There exists a huge variability of proteoglycans in human tissues and cells. This variability is due to several factors including the large number of different proteoglycan core proteins and the ability to add one or two different types of polymeric GAG chains to the protein core. Some proteoglycans contain only one GAG chain (e.g., decorin), whereas others can have several hundred GAG chains (e.g., aggrecan). Proteoglycan variability also results from the stoichiometry of GAG chain substitution. As an example, the proteoglycan, syndecan-1, has five attachment sites for GAGs, but not all of the sites are used equally. Another level of variability results from the fact that different cell types produce proteoglycans, from the same protein core, that exhibit differences in the number of GAG chains, the GAG chain polymeric length, and the arrangement of sulfated residues within the GAG chain.

The various proteoglycans have been divided into several major classes which are defined by their function, tissue distribution, and protein homologies. The major classes include the interstitial proteoglycans, the basement membrane proteoglycans, the secretory granule proteoglycans, and the membrane-bound proteoglycans.

Interstitial Proteoglycans

Interstitial proteoglycans are present in the ECM, and their distribution depends on the nature of the ECM. The interstitial proteoglycans represent a highly diverse class of molecules that differ in size and GAG composition. The majority of interstitial proteoglycans are small leucine-rich proteoglycans (SLRPs). The protein cores of SLRPs contain leucine-rich repeats flanked by cysteines in their central domain. To date there are nine members of the SLRP family of proteoglycans. The SLRPs have been shown to contain chondroitin sulfates, dermatan sulfates, and keratan sulfates. Interstitial proteoglycans are critical components in the ECM involved in the stabilization and organization of collagen fibers. The SLRPs are abundant within tendons. Within the cornea, keratan sulfate-containing SLRPs maintain the register of collagen fibers that is required for the transparency of the cornea.
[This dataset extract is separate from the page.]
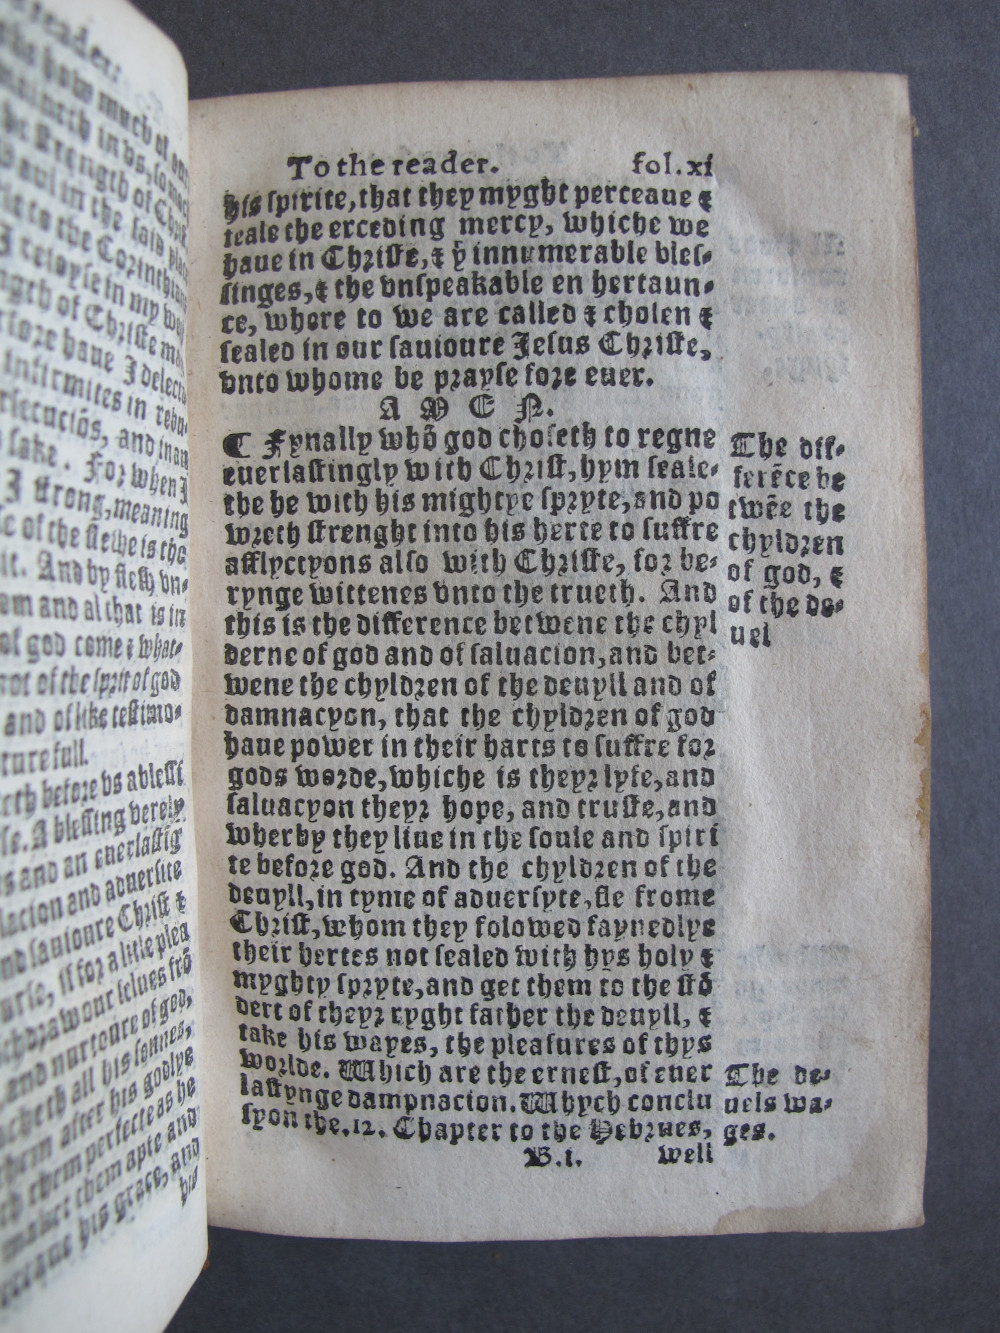 1 Folio B1 recto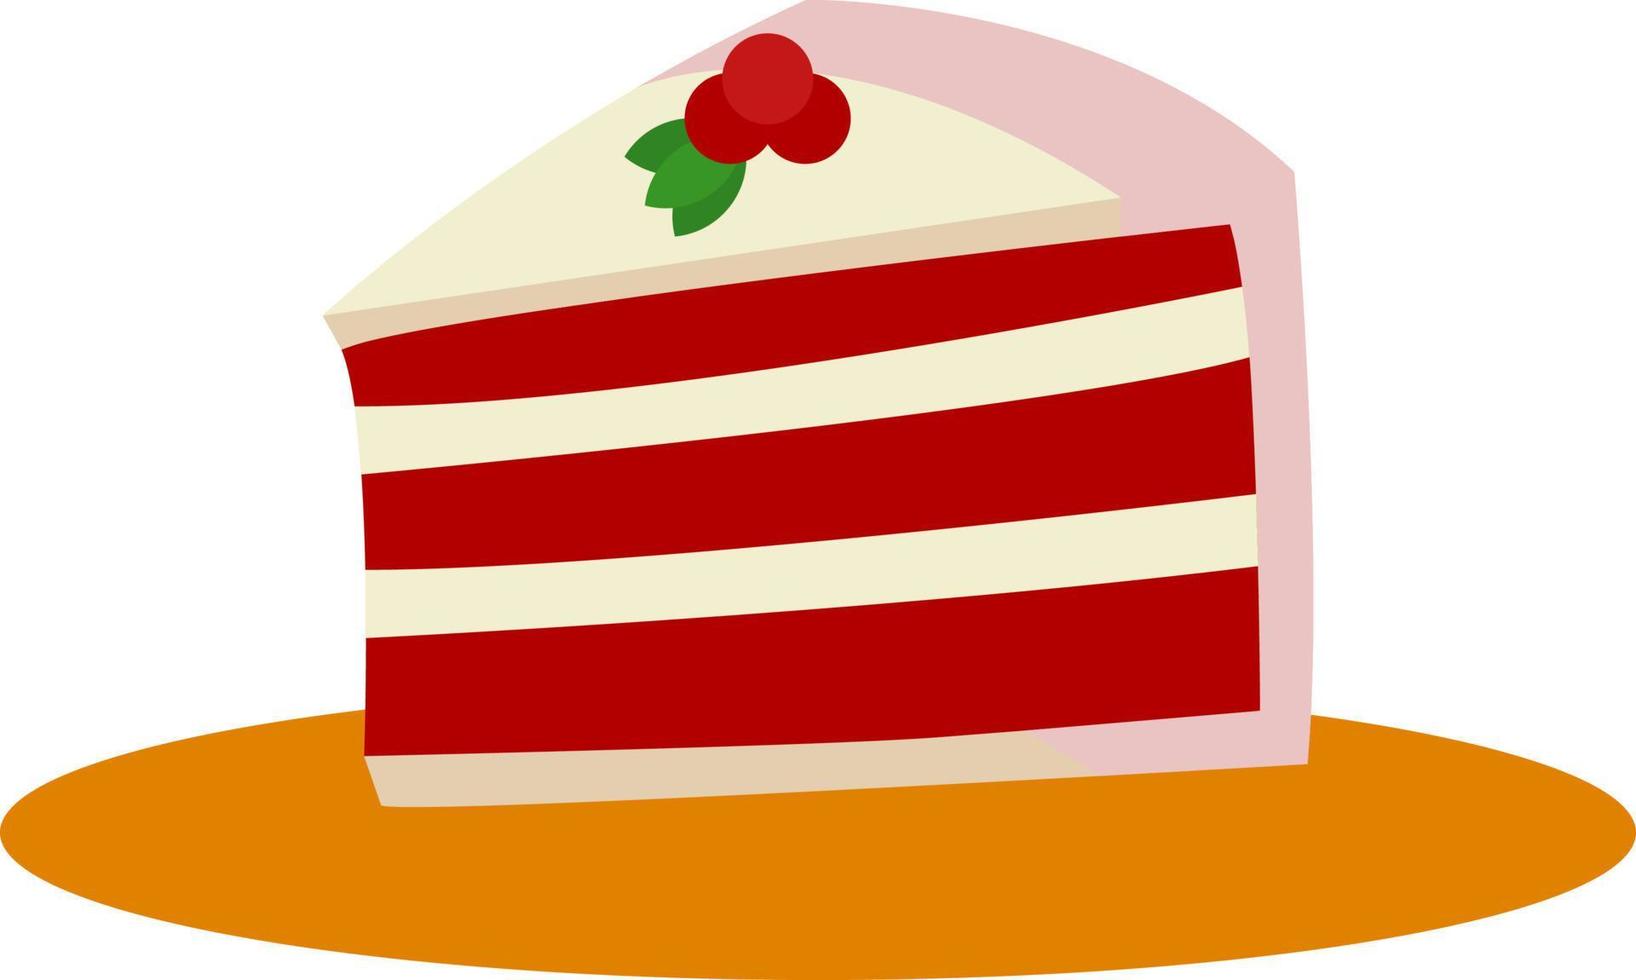 röd kaka, illustration, vektor på vit bakgrund.

The lectican family (also referred to as the aggrecan family) of interstitial proteoglycans consists of aggrecan, brevican, neurocan, and versican. All four members of this proteoglycan family contain a unique protein core and each core protein contains an amino-terminal domain that can bind hyaluronans, a central domain to which chondroitin sulfates and dermatan sulfates are attached, and a carboxy-terminal domain that contains a C-type lectin domain.

The core protein of aggrecan is encoded by the ACAN gene. The core protein of brevican is encoded by the BCAN gene. The core protein of neurocan is encoded by the NCAN gene. The core protein of versican is encoded by the VCAN gene.

Aggrecan itself is the most well characterized member of aggrecan family and is the major proteoglycan in cartilage. Aggrecan can contain upwards of 100 chondroitin sulfate chains and can also contain keratan sulfate chains dependent upon the tissue of synthesis.

Neurocan is produced in the late embryonic central nervous system (CNS) and can inhibit neurite outgrowth. Brevican is produced in the terminally differentiated CNS.

Versican is produced predominantly by connective tissue cells. The protein core of versican is variable due to alternative splicing of the VCAN mRNA resulting in a family of protein cores in the versicans. Versicans have major roles in neural crest cell and axonal migration.

Basement Membrane Proteoglycans

The basement membrane is not actually a membrane but is a matrix that forms a thin, fibrous organized layer separating tissues from the underlying connective tissue. The basement membrane is found flush against epithelial cells. It is composed primarily of laminin, nidogen, collagens, and proteoglycans. There are at least four different types of proteoglycan found within basement membranes. These proteoglycans are perlecan, agrin, collagen type XVIII, and leprecan.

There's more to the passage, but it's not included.